Ok, I think we got away with it. There was a swathe of stuff in this week’s Budget to lament, however not much if, anything, that will affect the general property market.

Freezing income tax thresholds, increasing duty on alcohol, tobacco and vapes, and slashing the ISA cap from £20,000 to £12,000 were not welcome. Salary sacrifice changes, EV charging per mile and the dreaded milkshake tax will also be unpopular however the property market was left largely unscathed.

That said, if you are a landlord or own a home worth more than £2m you will be affected – a bit. If you own a home worth more than £5m then lucky you, but I dare say that you probably won’t notice the additional £7500 in annual council tax levied from April 2028.

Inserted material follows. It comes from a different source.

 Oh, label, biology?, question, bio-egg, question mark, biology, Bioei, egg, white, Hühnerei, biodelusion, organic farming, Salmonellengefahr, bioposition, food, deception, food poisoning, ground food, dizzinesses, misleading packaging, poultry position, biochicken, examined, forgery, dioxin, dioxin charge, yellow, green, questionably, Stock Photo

But landlords having to stomach a 2% surcharge on income across all tax bands isn’t nice and is a pretty ungrateful move by the Chancellor when you consider the job that UK landlords do of filling in the gap left by hapless government neglect where social housing provision has been concerned of late.

That said, here are three things that are positive from Rachel Reeves’ announcements:

  • The City seemed content enough that gilt yields, that measure of confidence in the UK economy, fell to 4.5% on Budget Day, paving the way for lower fixed rate mortgage costs.
  • As the ‘bread and butter’ property market was left alone on stamp duty, capital gains tax and council tax penalties, the scene is set for a ‘normal’ Q1 2026 and beyond where buyer demand and seller appetite is concerned.
  • Also, because GDP, whilst positive and forecast to grow 1.5% in 2026, government borrowing levels, productivity and household income forecasts (which the OBR says are lower now) may dictate a December or January BofE interest rate cut to help out a bit.

All things being equal, average house prices will therefore end 2025 in positive territory and, I predict, will rise by between 3% and 5% next year.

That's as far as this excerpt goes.